Naoya Sugioka had trouble booting DragonFly on his Dell M4400. He updated ACPICA with this patch, and was able to boot. I link to it in case someone else with a recent Dell model (or perhaps just a laptop with the same chipset?) has the same issues.
Another point release for DragonFly 2.8 is planned, with a bunch of small updates, some of which have been covered here recently.
Jan Lentfer, who apparently has a high tolerance for pain, has now brought the kernel part of pf up to the equivalent of the OpenBSD 4.4 version, available for testing. It’s not yet committed. pfctl’s updated too.
Francois Tigeot was able to get wip/jdk15 to build on DragonFly, from pkgsrc-wip.
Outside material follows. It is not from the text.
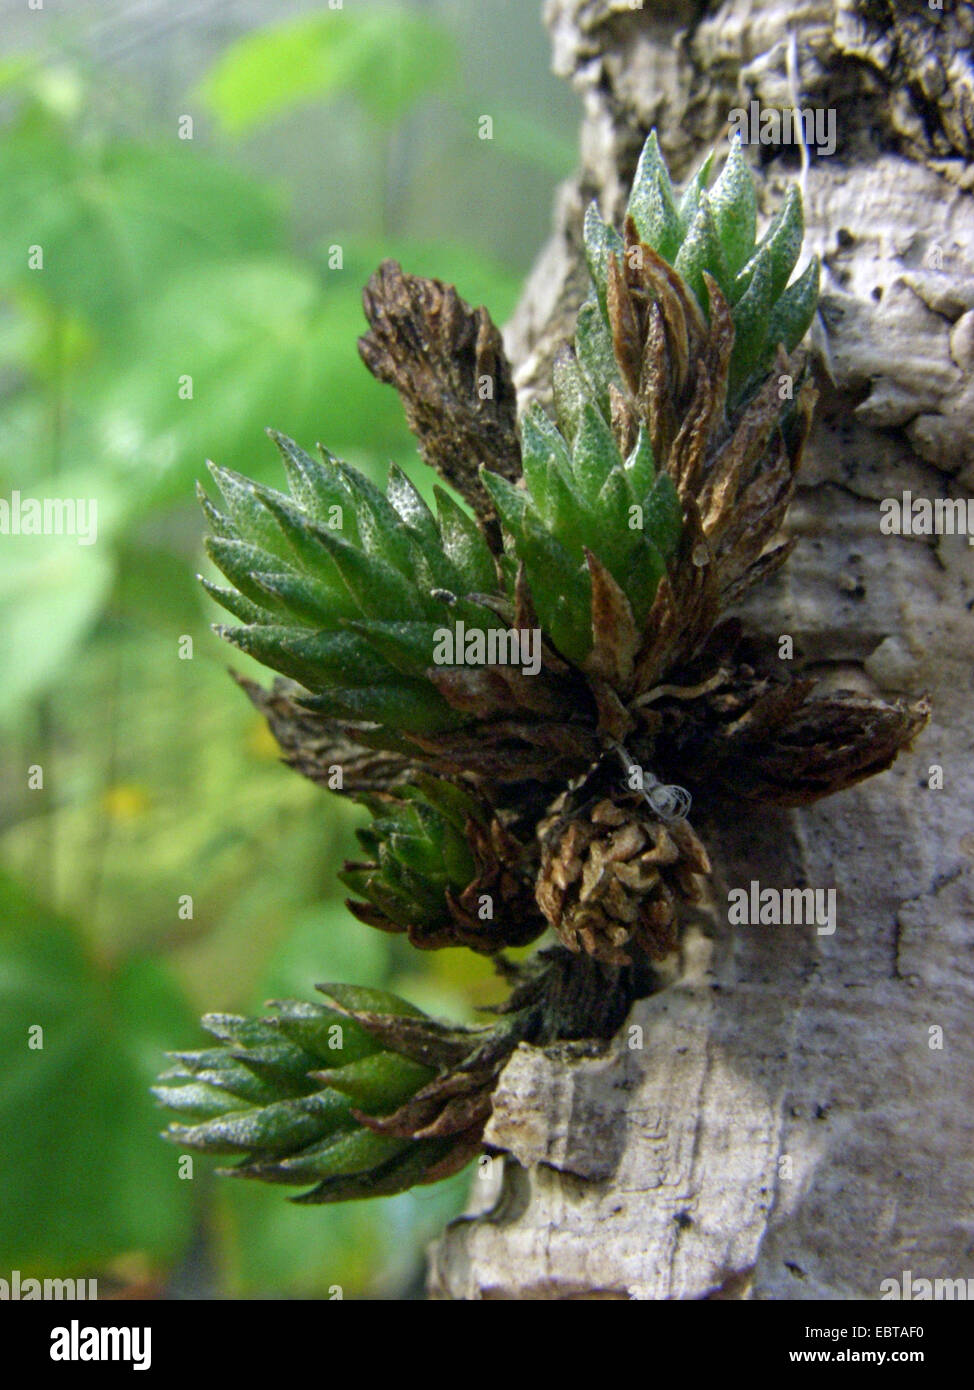 Tillandsia (Tillandsia bryoides), on a branch Stock Photo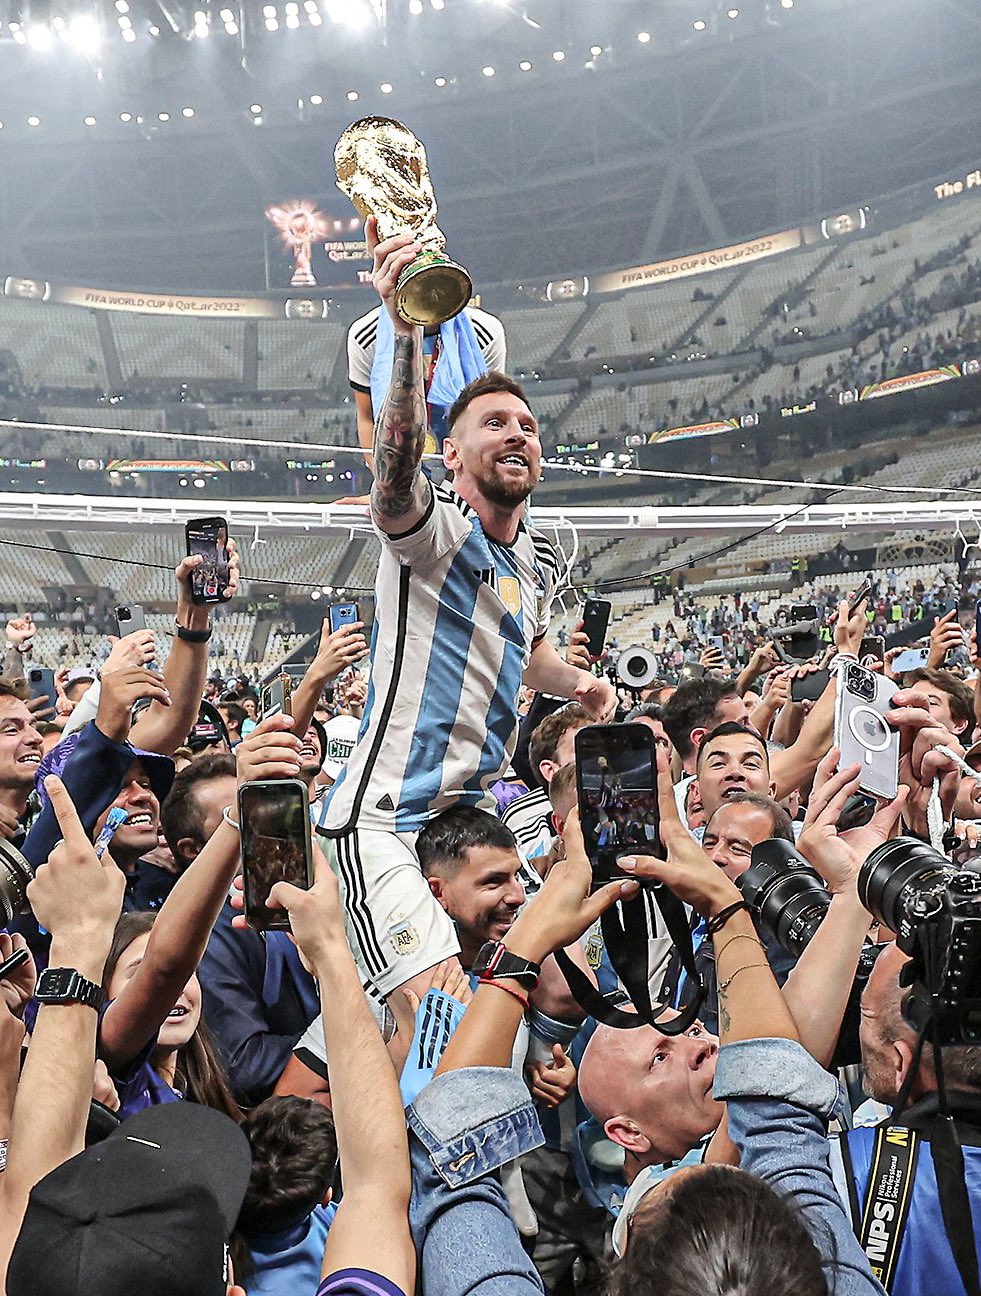 Xem hình ảnh Messi cầm cúp vàng vang danh giải đấu lớn này, bạn sẽ được chứng kiến sức mạnh và tài năng của một thần đồng bóng đá thế giới.

Unfortunately, the package has been removed, but he’s looking to put it back.
Marius Nünnerich posted a call for papers for FOSDEM 2011. Submissions need to be in by December 20th; the Brussels conference itself is happening in February.
(Has anyone been to this? What was it like?)
If you have any last-minute suggestions for Google Code-In tasks for DragonFly, pass them along now – it starts Monday! Post them here, or in #dragonflybsd on EFNet IRC, or on the kernel@ mailing list. We have 34 already, but you can never have too many.
My NYCBSDCon 2010 summary, or How I Spent My New York City vacation:
Well, almost – I’m still in an airport. I didn’t get to liveblog because of some Atheros chipset issues that are now conveniently solved, but I’ll have a lengthy post by tomorrow detailing the NYCBSDCon convention. The short version: lots of fun, you all should do it.
A number of people have encountered this: while installing some larger pkgsrc package, the process stops on a strange DocBook error. Alex Hornung has a fix: symlink /usr/pkg/etc/xml/catalog to /usr/pkg/share/xml/catalog.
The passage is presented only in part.